Monday, June 2, 2008

Taylorism or Tailorism?

It’s been almost a century since the publication of The Principles of Scientific Management. Is there a new Frederick Winslow Taylor, a student of knowledge worker scientific management?

There are a number of drivers in knowledge work and a number of reasons why Taylor’s approach does not work well in this area. For example, there are cost savings arguments to standardization in more complex organizations. Contributing to this is lower employee tenure. According to the Bureau of Labor Statistics, average employee tenure fell since 1996 (from the BLS study “Median years of tenure with current employer for employed wage and salary workers by age and sex, selected years, 1996-2006”). Tenures decreased the most for employee ages 35-44 (a drop of 7.5% to 4.9 years), ages 45-54 (a drop of 12% to 7.3 years), and ages 55-64 (a drop of 8.8% to 9.3 years). When employees change employers more frequently, they must spend more time ramping up in order to add value in their new organization. It would seem that lower tenures add to the benefits of process standardization for knowledge workers.

But there is a limit to how deeply an organization of knowledge workers will want to standardize processes. The problem is that knowledge work tends to be less easily compartmentalized and that knowledge workers, like the manual workers of Taylor’s factories, often resent being told how to do their jobs, especially as it may make them feel like cogs.

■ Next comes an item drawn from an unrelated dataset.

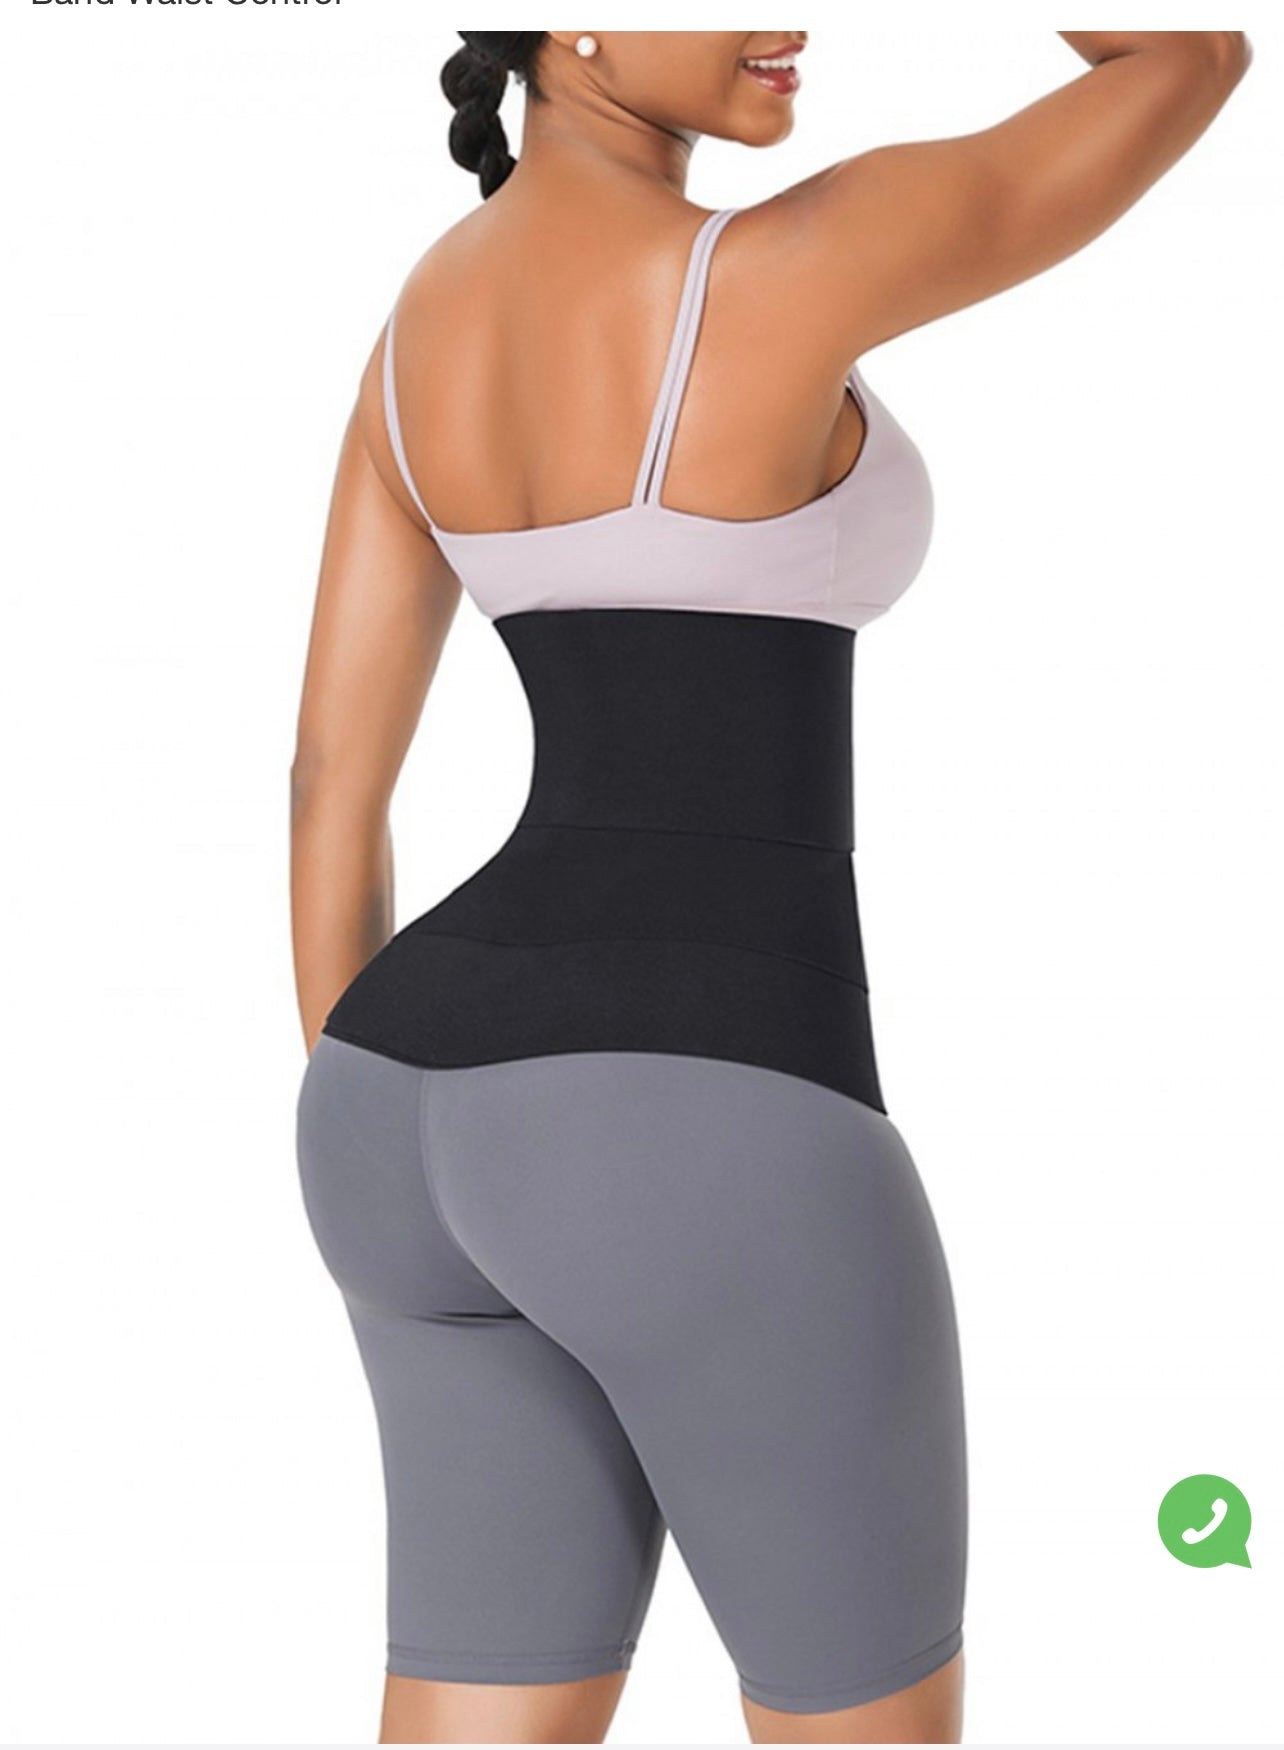 EasyWrap Waist Trainer/ One size fit all - WrapAndTuck
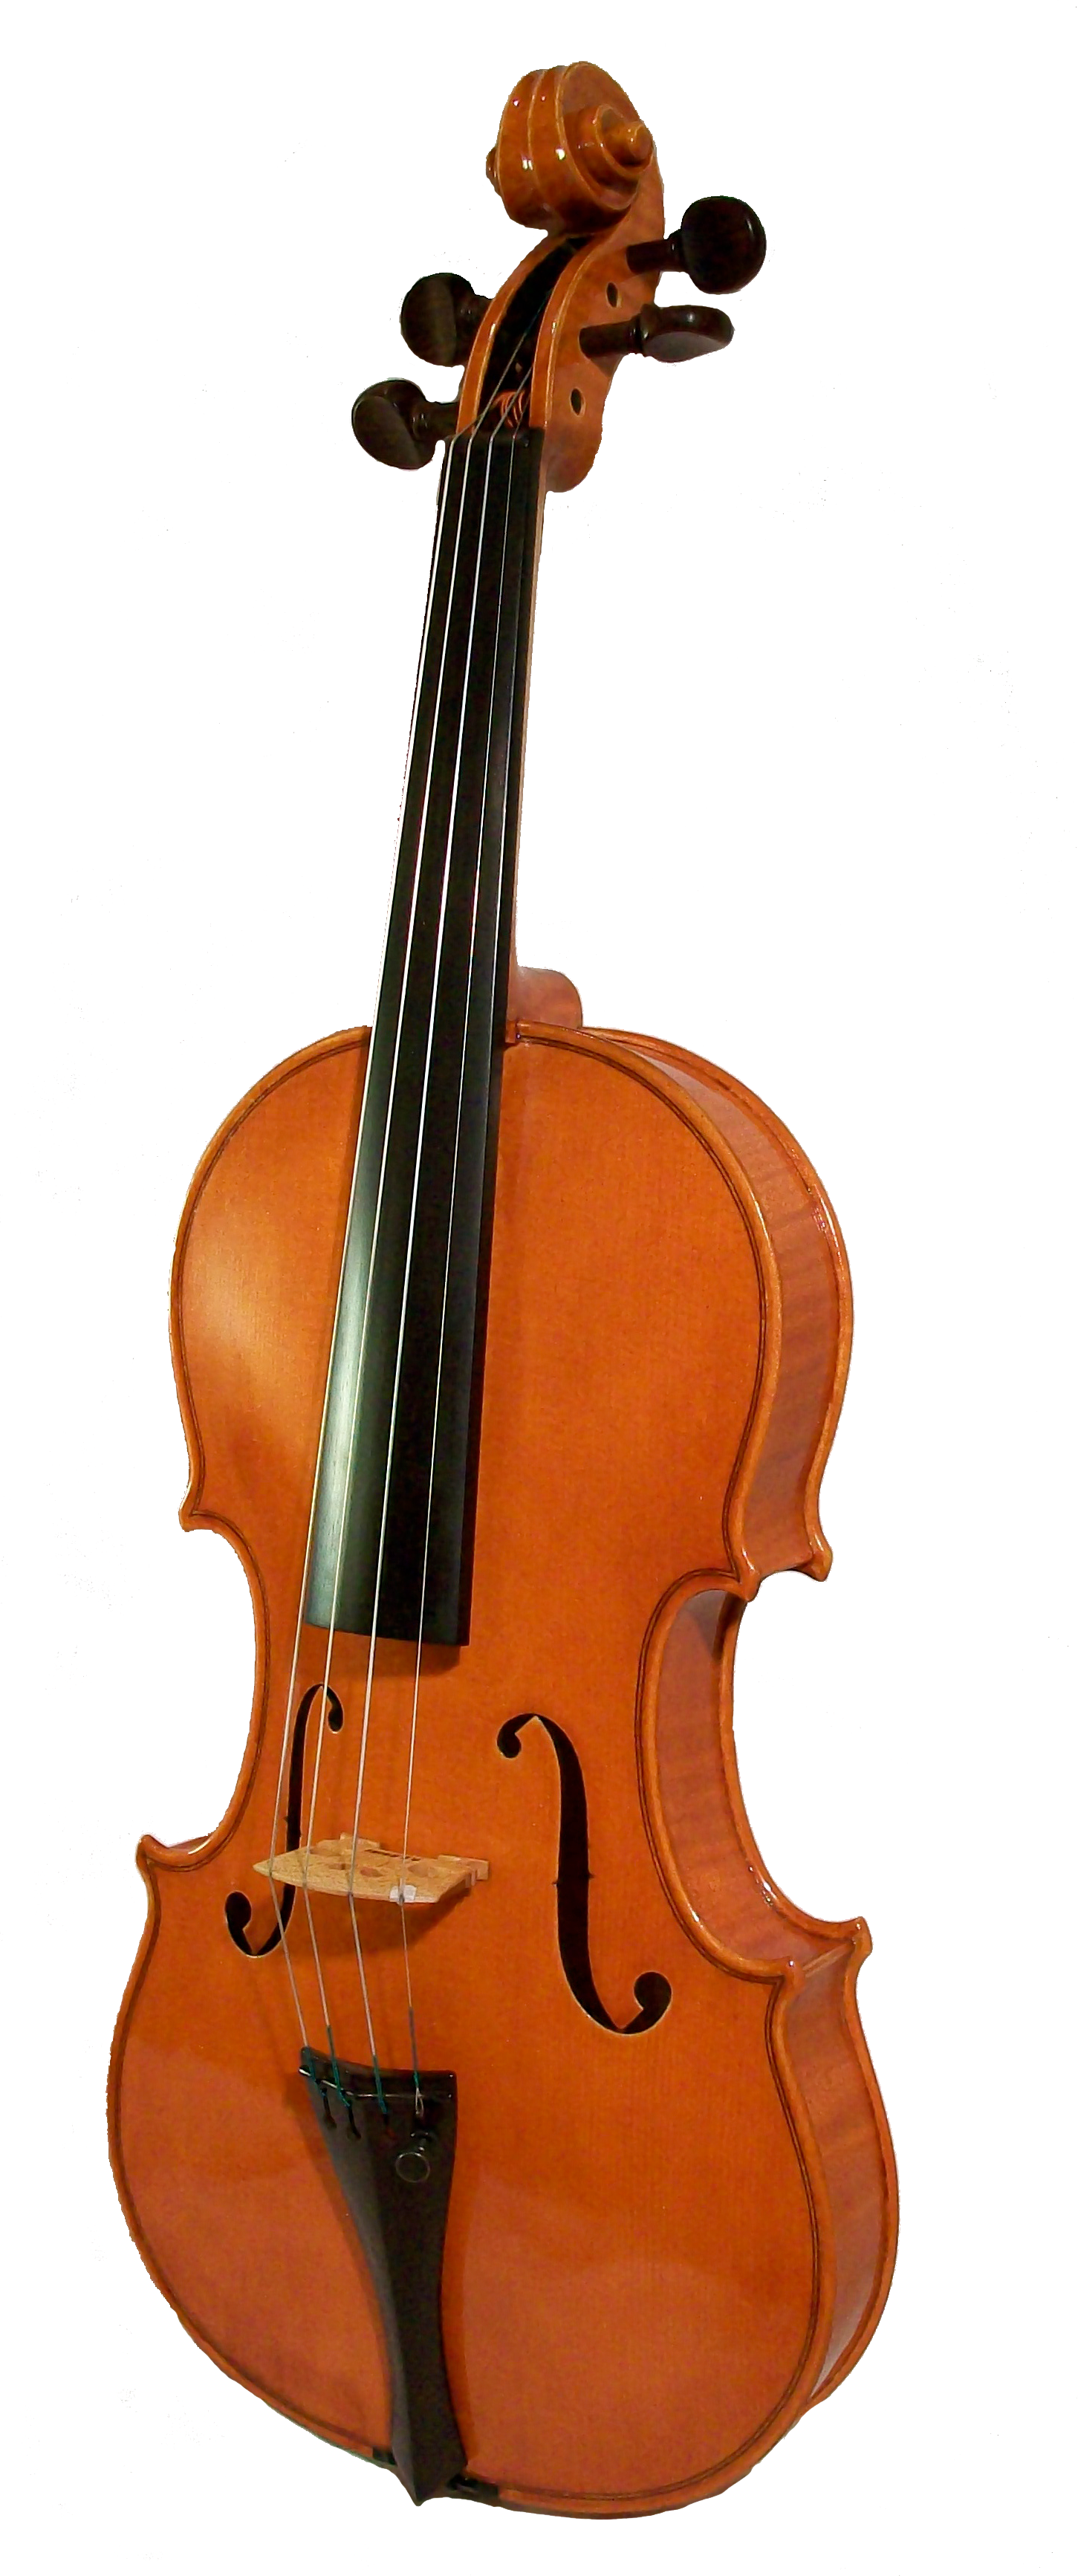 Classic Violin Isolatedon Blue Background.png

What do the stakeholders -- the organization, the employees, the customers – gain and lose from a process-heavy approach? To the organization: possible gains in productivity but less flexibility to act on creative ideas that produce future productivity gains. To the employees: possible improvements in efficiency in some tasks but lower job satisfaction, depending on disposition. To the customers: perhaps lower prices, but possibly less customized service.

Then I thought of my old tailor from when I was based in Hong Kong. His business was incredibly customer-centric. I would stop by his shop, have a cup of tea, talk about work, look at some fabric, talk about suit styles, talk about the family and then make a purchase decision. A very long, inconsistent and inefficient process. Behind the scenes, cutting cloth and sewing, he may have been efficient, but to the customer he gave a personal and, well, tailored series of interactions. I’d say that to some degree the knowledge worker is a customer of his/her employer.

Maybe not all of what passes as inefficiency is true loss.